The moocher-class mythologists forget the U.S. just went through its worst recession in 75 years, and that unemployment has exceeded 8 per cent for almost four years. The U.S. is on the verge of having a permanent jobless class made up largely of middle-age workers whose occupations have been destroyed because of automation and globalization.
The moocher fabulists also ignore data showing that U.S. incomes have stagnated for a decade, and that inequality has skyrocketed. The top-earning one per cent of households now bring home about 20 per cent of total income, versus about 10 per cent in 1970. Recent studies conclude that upward mobility is easier in Europe than in the U.S. So much for Republican nightmares about the U.S. becoming a European-style welfare state.
The Pew Research Center reported last week that the U.S. middle class just experienced a lost decade, shrinking for the first time since the Second World War. Its median household income fell 4.8 per cent to $69,487 in 2010 from an inflation-adjusted $72,956 in 2001. Median wealth (including retirement savings and home values, minus debt) tumbled an even greater 28 per cent, to $93,150 from $129,582, largely because of the housing crash.
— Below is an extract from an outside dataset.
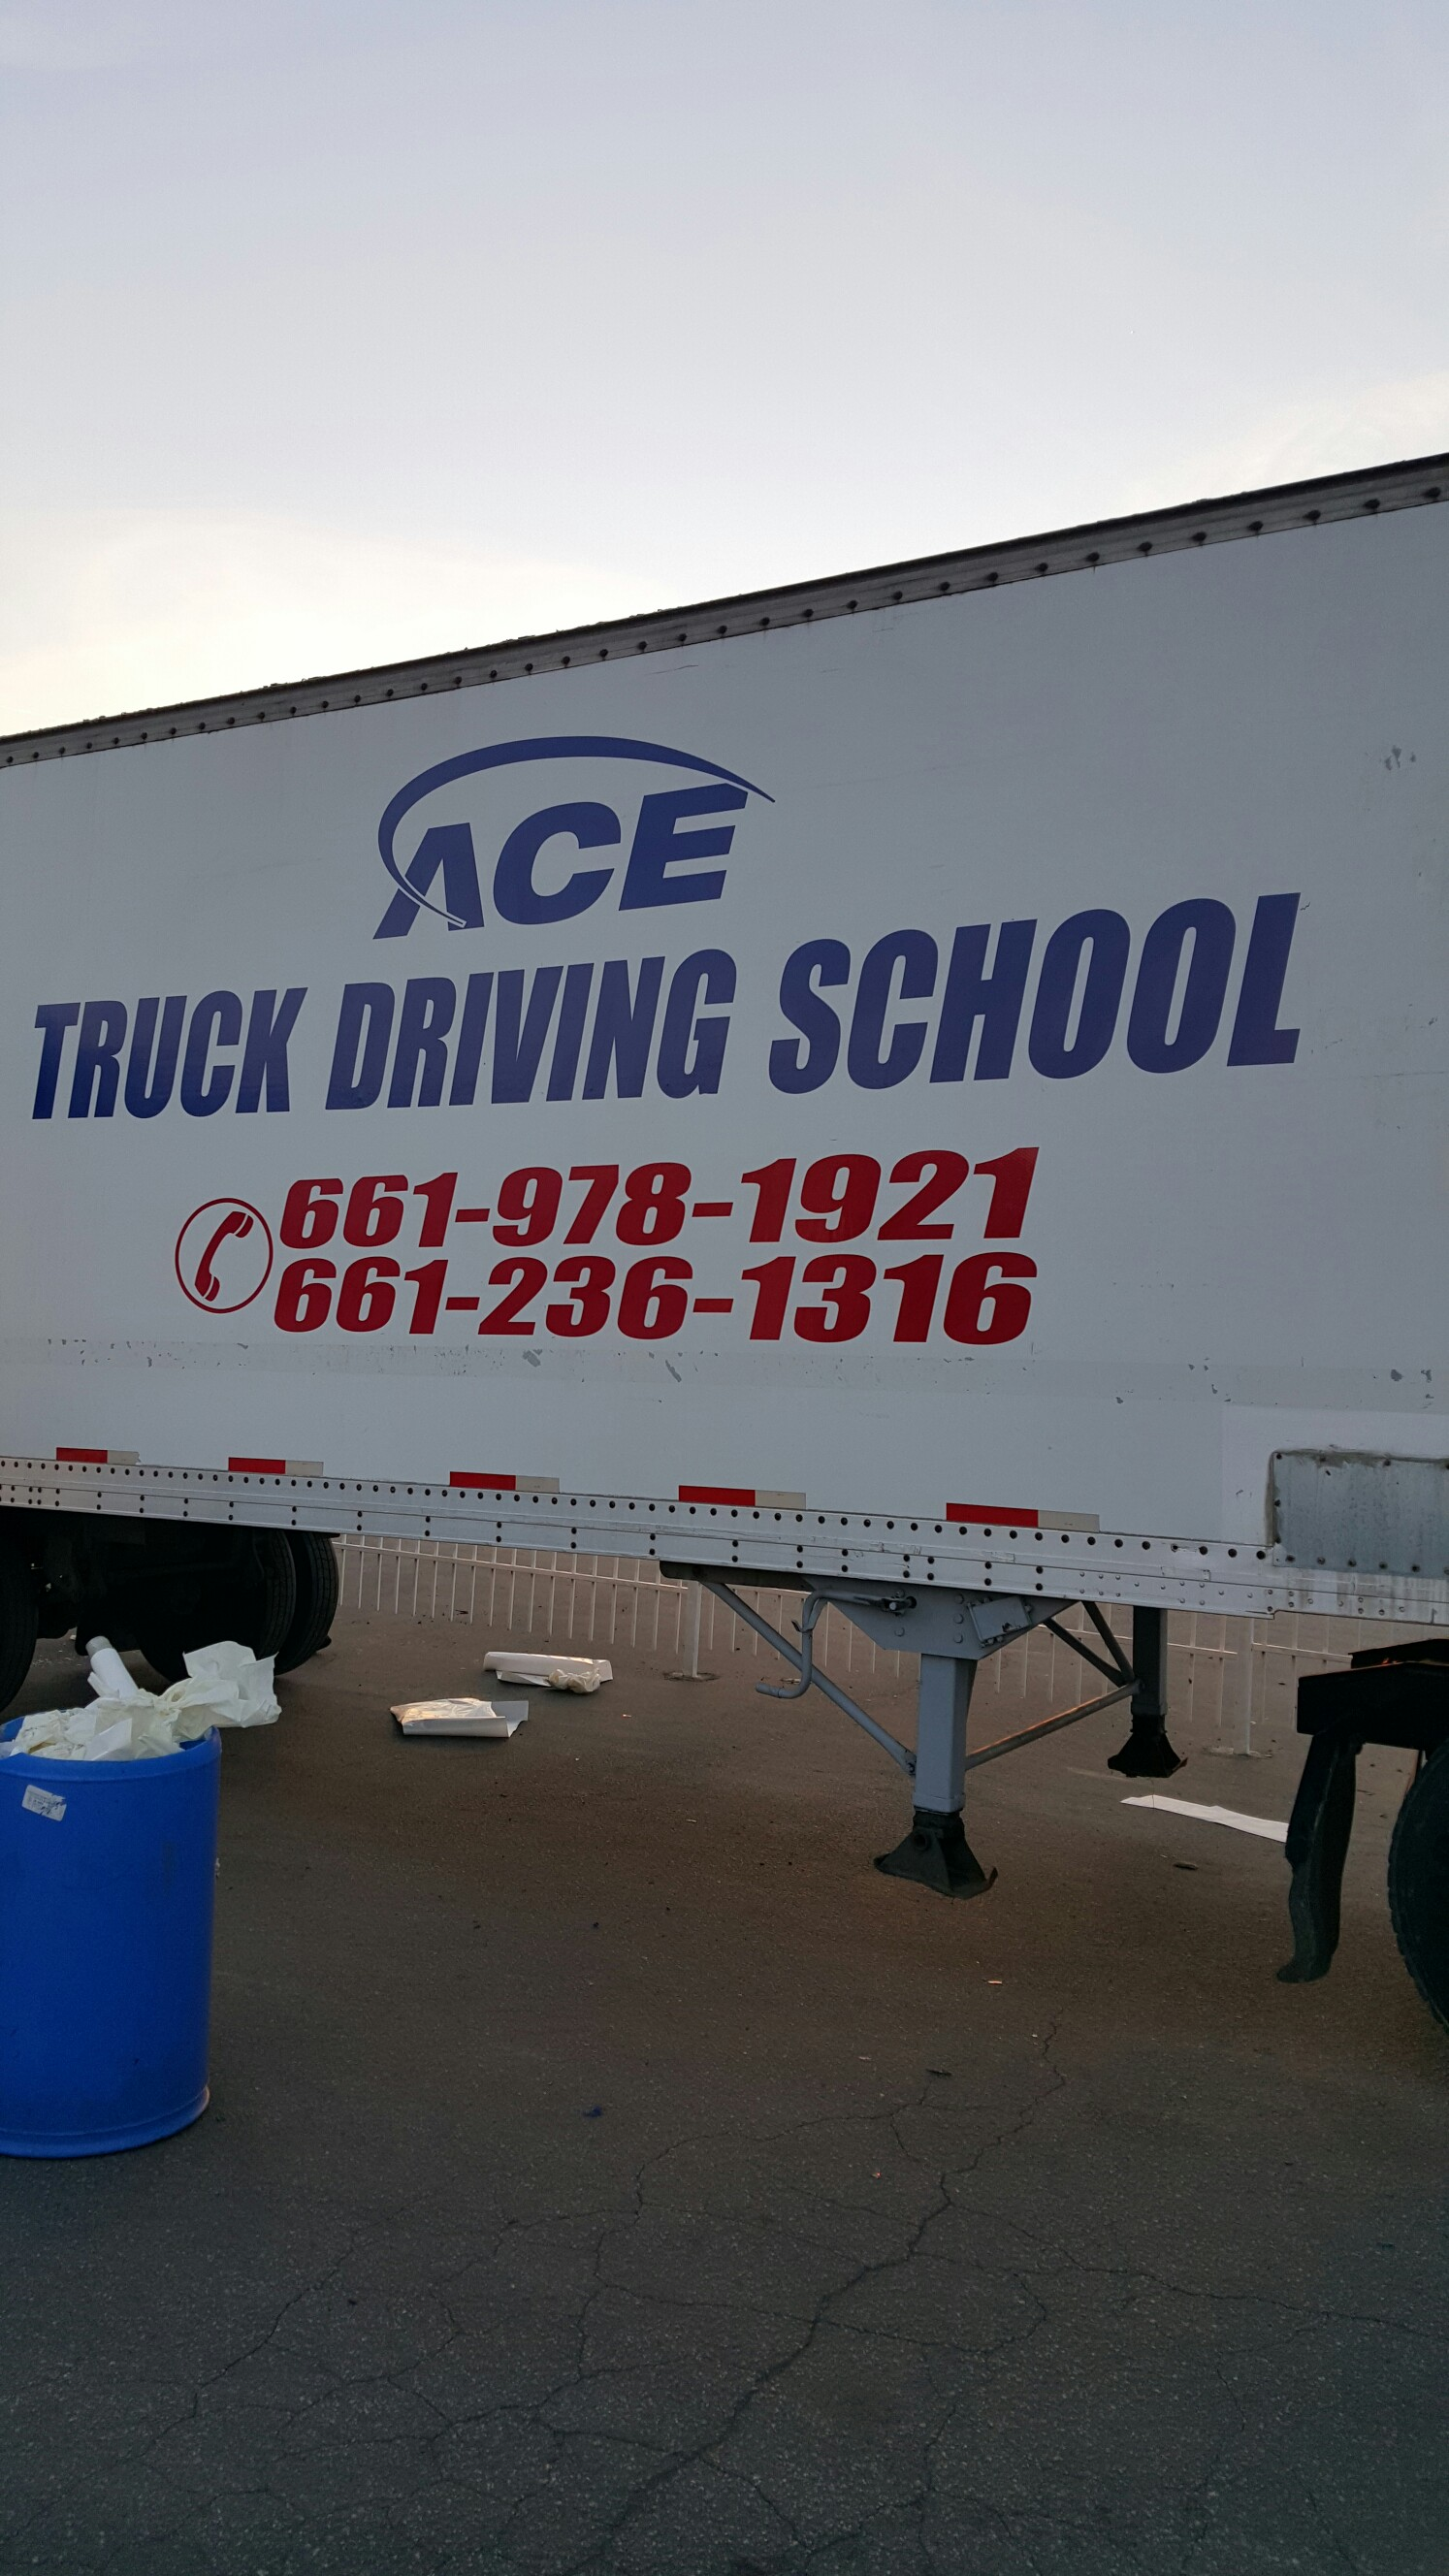 Ace Truck Driving School 1500 E Brundage Ln Bakersfield Ca 93307

Another party shibboleth is that Obama’s stimulus spending shifted wealth from "makers to takers." It’s more accurate to say that the stimulus — by most economists’ reckoning, required medicine — was a giant earmarking exercise that sent tax dollars back to the districts of lawmakers in both parties. Without it, an economy that shrank 6.3 per cent in 2008 would have fallen into an abyss.
At any rate, increased federal spending under Obama isn’t the major cause of the deficit. Nor are the Bush-era tax cuts and the Iraq and Afghanistan wars, as Democrats believe. As a Bloomberg Government study shows, the rise in the deficit — from an average of 1.9 per cent of gross domestic product in the pre-crisis years (2005 to 2007) to 9.3 per cent of GDP post- crisis (2009-2011) — is almost entirely due to the economic decline, which drove down tax receipts and pushed up spending on unemployment, food stamps and other support programs.
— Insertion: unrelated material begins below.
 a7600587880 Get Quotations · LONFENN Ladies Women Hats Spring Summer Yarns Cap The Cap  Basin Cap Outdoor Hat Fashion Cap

Lastly, it’s incorrect to say Obama undermined welfare reform. Temporary Aid to Needy Families, as it’s formally known, is a $16.5-billion block grant to the states, only 40 per cent of which goes toward benefits. In July, Obama invited states to apply for waivers that would give them greater flexibility to design programs that promote employment, while relieving them from some paperwork requirements. If granted, states would still have to move adults into jobs within two years and cap lifetime benefits (usually five years). Anyway, don’t Republicans normally applaud block grants that come with fewer federal strings?
Instead of worrying about the rise of a moocher class, Republicans would be better off thinking up ways to improve the standard of living for the next generation, and making sure the benefits of economic growth are more widely shared. That means vastly improving education and transportation, on which the private sector depends. It involves figuring out how to control health-care costs and means-testing Social Security and Medicare so the wealthy receive less and pay more. It means reconfiguring our system of national defense.
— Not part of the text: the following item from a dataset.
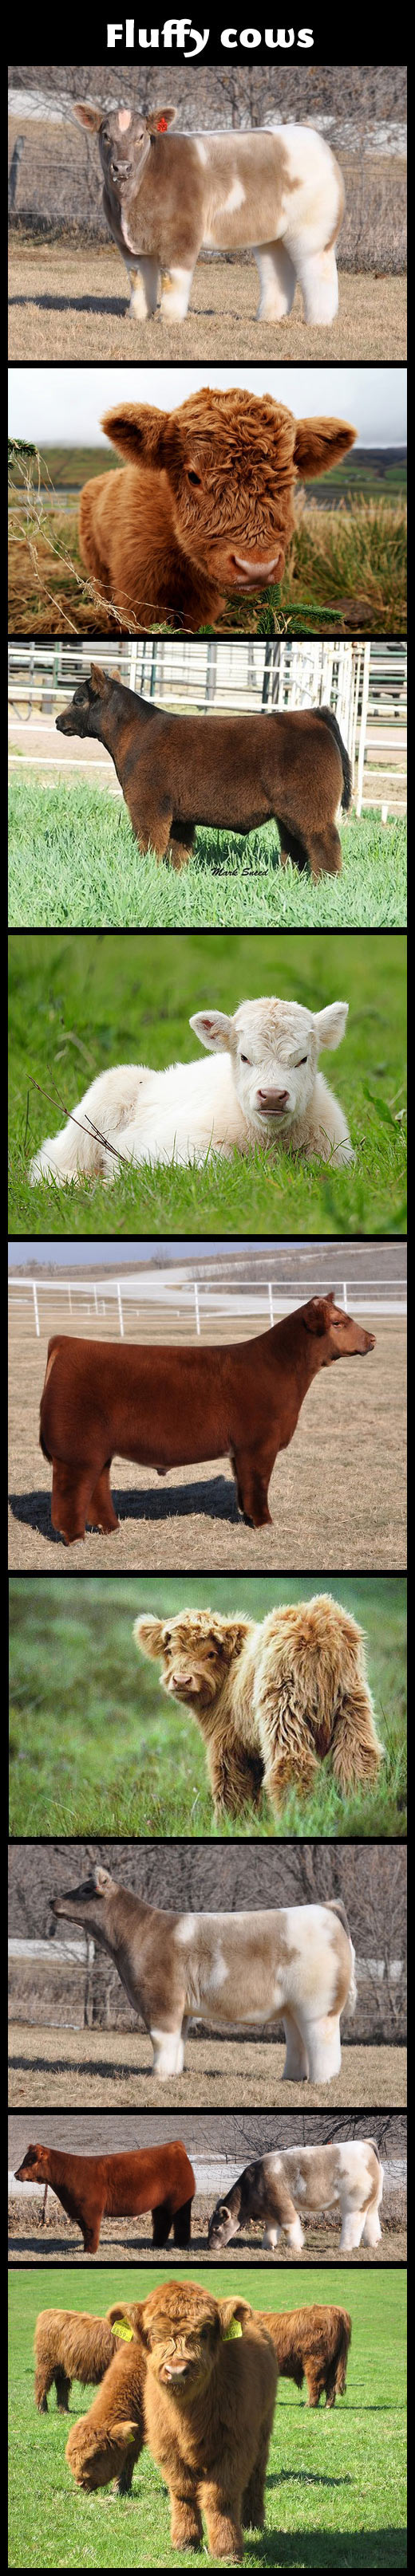 Fluffy Cows…

It also means a change in mindset. The party can’t cling to the one solution — tax cuts — that has been its cure-all for decades. Yes, we all love tax cuts, but they benefit mostly the rich. Besides, federal income taxes are at the lowest level since the 1950s.
At a time when the U.S. can borrow for 10 years at about 1.6 per cent, and when 12.8 million people are unemployed (and eight million more part-timers would prefer full-time work), we would be out of our minds not to borrow and spend to fix problems and give the economy a kick in the pants. A serious, long-term austerity diet can follow later.
At this moment in U.S. history, leadership doesn’t require shrinking government immediately, but seeing that Big Government doesn’t remain permanent. The moochers — and some of them may be waving Romney-Ryan signs in the convention hall — would love to work with the party on that.